Tumbleweeds in the Western Australian cropping system: seed dispersal characteristics of Salsola australis
Salsola australis, like other agricultural weed species of the Salsola genus, produces a mobile seedbank. Aspects of this mobile seedbank were investigated in three field trials, including total seed production, rate of seed shedding, rate at which seeds lose germinability and the distance and directionality of plant movement. Total seed production was highly variable (ranging from 138 to 7734 seeds per plant), but was directly related to aboveground plant biomass at maturity. Following senescence, mature plants broke free of their root system and the wind driven plants moved considerable distances (1.6–1247.2 m). Half of the mobile plants moved <100 m, as they became entangled with other S. australis plants within the stand.
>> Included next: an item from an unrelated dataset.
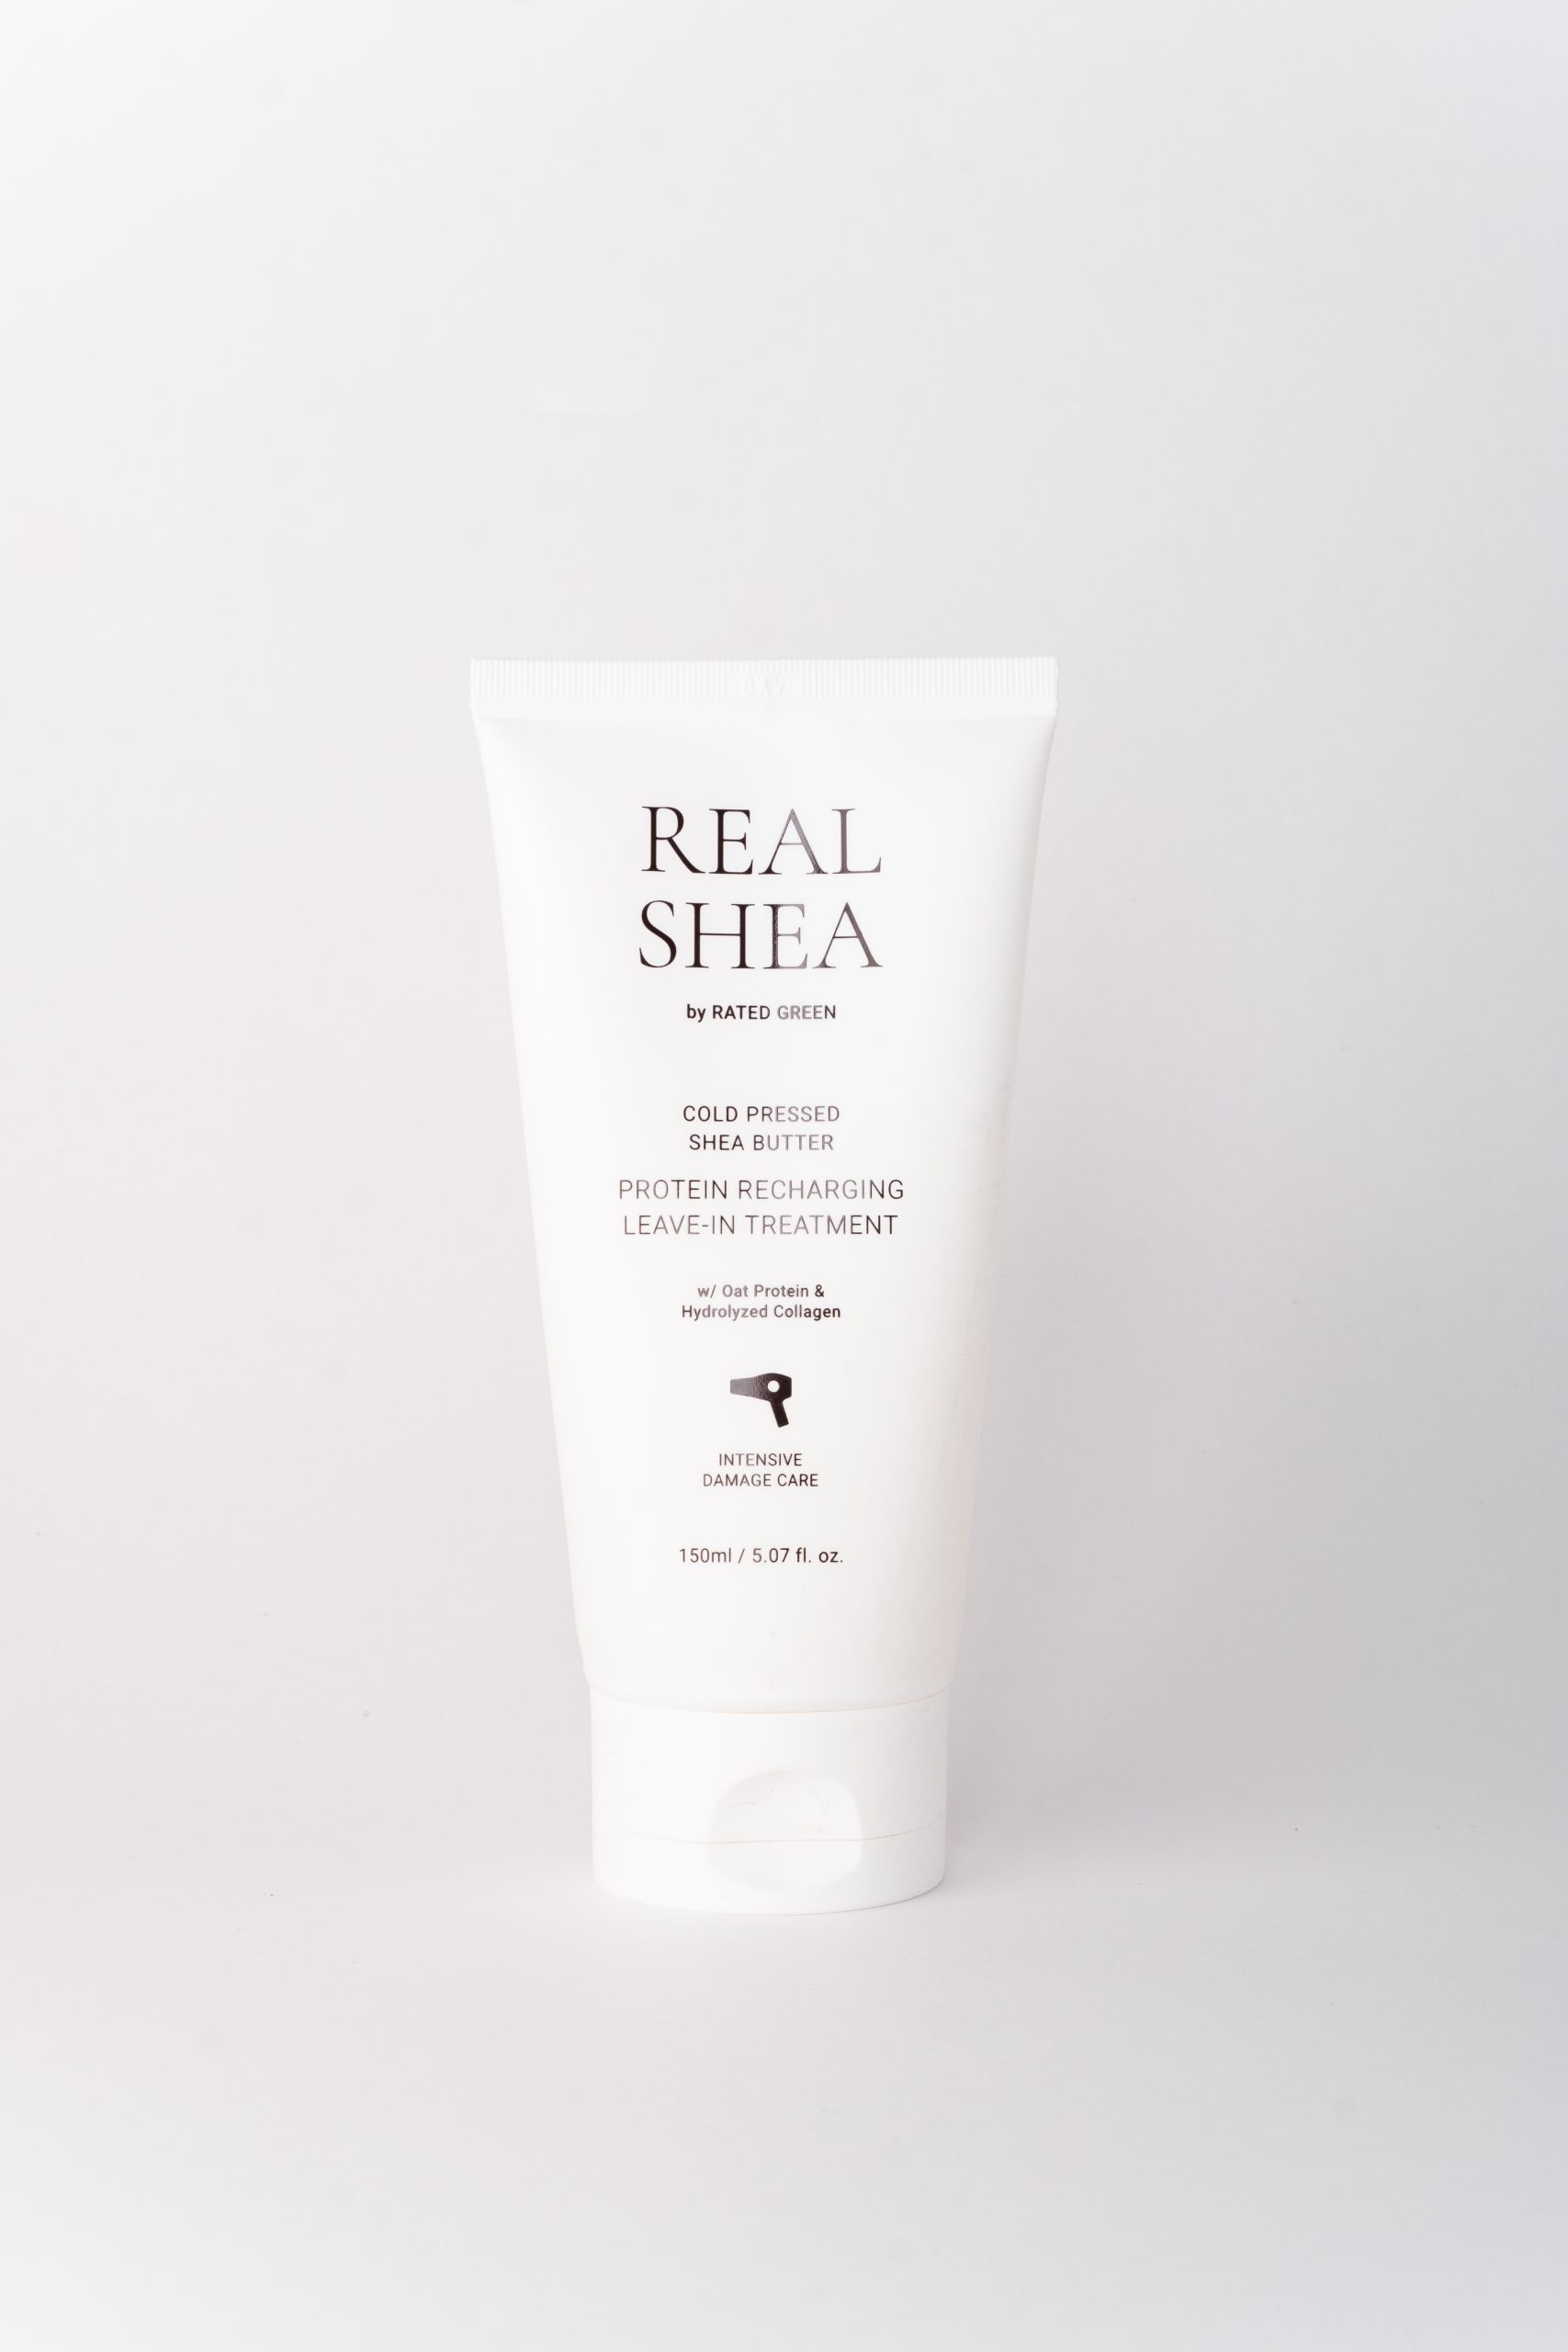 Маска real shea. Rated Green крем для волос. Real Shea by rated Green термозащита. Шампунь mochiki Mask ши. Real Shea change treatment отзывы.

Seed shedding commenced before the plants became mobile and increased with movement, but was also related to the aging and weathering processes experienced by stationary or mobile plants. All plants retained a proportion of their seed in spite of movement, weathering and ageing of the plants, although germinability of retained seed dropped to <2% after 2 months. Salsola australis engages in broad scale seed dispersal similar to that observed in other species of the Salsola genus, allowing this species to maintain a high rate of invasion and range expansion.
Borger, C.P.D., Walsh, M., Scott, J.K. and Powles, S.B. (2007) Tumbleweeds in the Western Australian cropping system: seed dispersal characteristics of Salsola australis. Weed Research 47, 406–414.